Evidence of association of markers near SREBF1 with AD from the TGEN study
| TGEN markers | rsID | LD with rs3183702 | MAF (affected/unaffected) | P-value |
|---|---|---|---|---|
| SNP_A-2234401 | rs4459604 | 0.75 | 0.31/0.35 | 0.027 |
| SNP_A-4241614 | rs4368210 | 0.75 | 0.30/0.33 | 0.097 |
| SNP_A-4290890 | rs4584886 | 0.74 | 0.30/0.33 | 0.097 |
| SNP_A-4268811 | rs4924832 | 0.74 | 0.32/0.36 | 0.037 |
| SNP_A-2220775 | rs6502632 | 0.75 | 0.30/0.33 | 0.082 |
| SNP_A-1877154 | rs9896837 | 0.75 | 0.31/0.34 | 0.09 |
| SNP_A-1874877 | rs2955384 | 0.75 | 0.33/0.36 | 0.097 |
| SNP_A-1897101 | rs4643387 | 0.75 | 0.30/0.33 | 0.08 |
| SNP_A-2005092 | rs4426402 | 0.67 | 0.29/0.35 | 0.0023 |
MAF, minor allele frequency; LD is according to r2. Note that the MAF for rs3183702 was 0.31 in dementia and 0.36 in controls in the present study.
Figure 2.
The monotonic decay of LD in Swedes around marker rs3183702 is illustrated, with all markers that exceed r2 = 0.2. This indicates the strength of LD in the region and the difficulty of fine-mapping causative variants. Three key markers are highlighted, including rs3183702 that showed association with dementia in the present study, along with rs4459604 that was associated with AD in a recently published genome-wide association study. Also shown is marker rs4925114 that exhibited evidence of association with expression levels of one of the genes in the LD block (ATPAF2).
Figure 3.
Schematic overview of the SREBF1 region extending from marker rs11654482 to marker rs854764 on chromosome 17, depicting unadjusted allelic association of –log10P (Y-axis) values for 118 genetic markers in the X-axis in relation to the full dementia versus control sample with a maximum for rs3183702. The figure was generated using Locuszoom (http://csg.sph.umich.edu/locuszoom).

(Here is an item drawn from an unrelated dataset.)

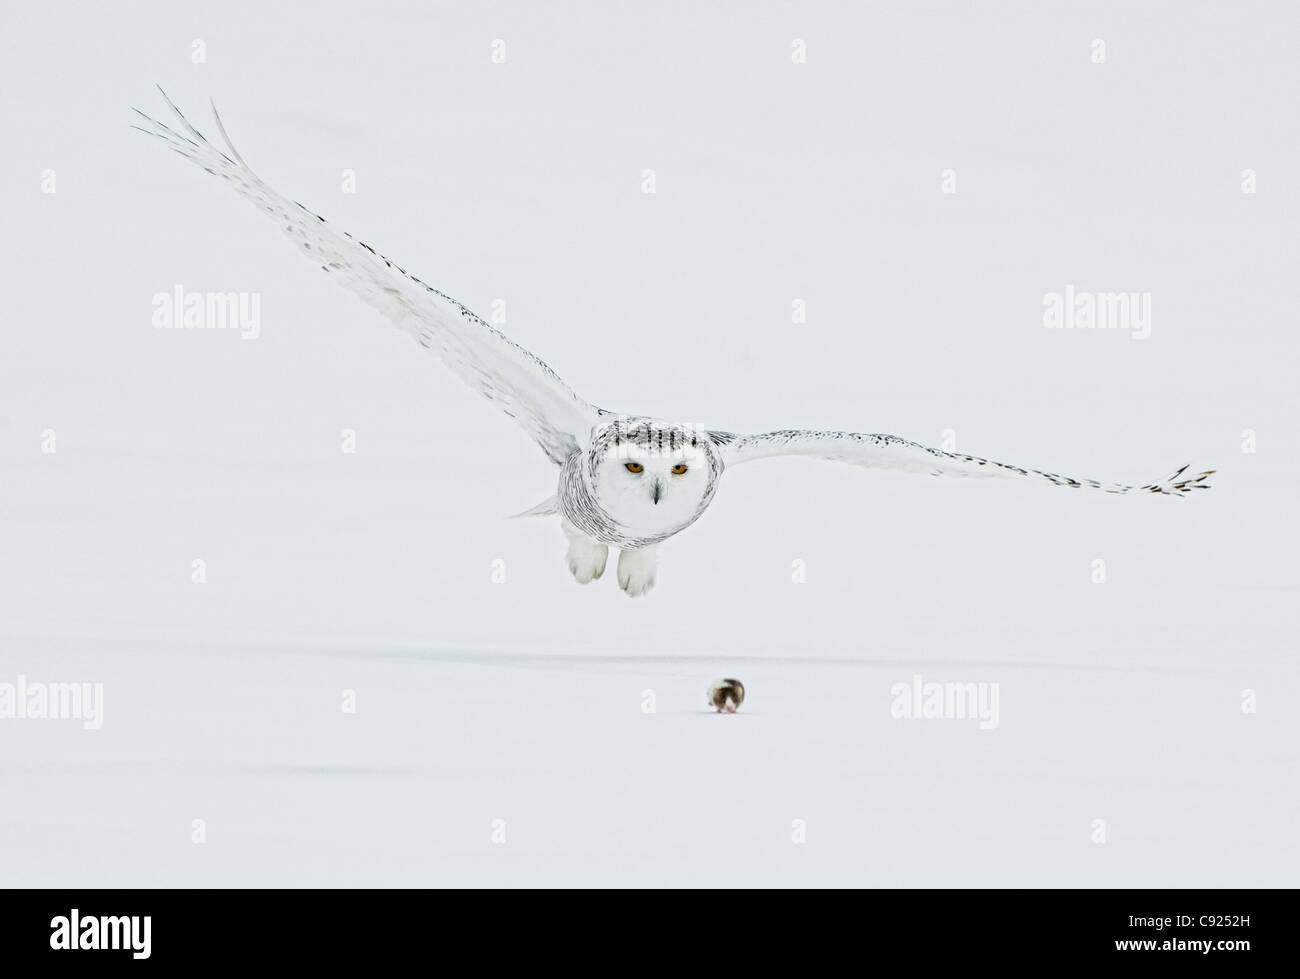 Female Snowy Owl swoops down to catch a lemming on top of the snow, Saint-Barthelemy, Quebec, Canada, Winter Stock Photo

Apart from with AD risk, one of the most prominent genetic associations of APOE is with CSF Aβ42 levels (10), which is consistent with a perturbation of amyloid metabolism being central to disease pathology. Against that background, the top 20 single findings (Table 2) were tested for association with CSF measures of Aβ42. Only AD cases were included in this analysis. Across these markers there was as previously reported evidence of association with rs429358 and rs2230805 and CSF Aβ42 levels and in each case the risk alleles for AD were associated with lower Aβ42 levels. However, although there was one marginal association of rs10744182 in SCARB1 (P = 0.049), none of the other markers were significant and the results for this are summarized in Table 2.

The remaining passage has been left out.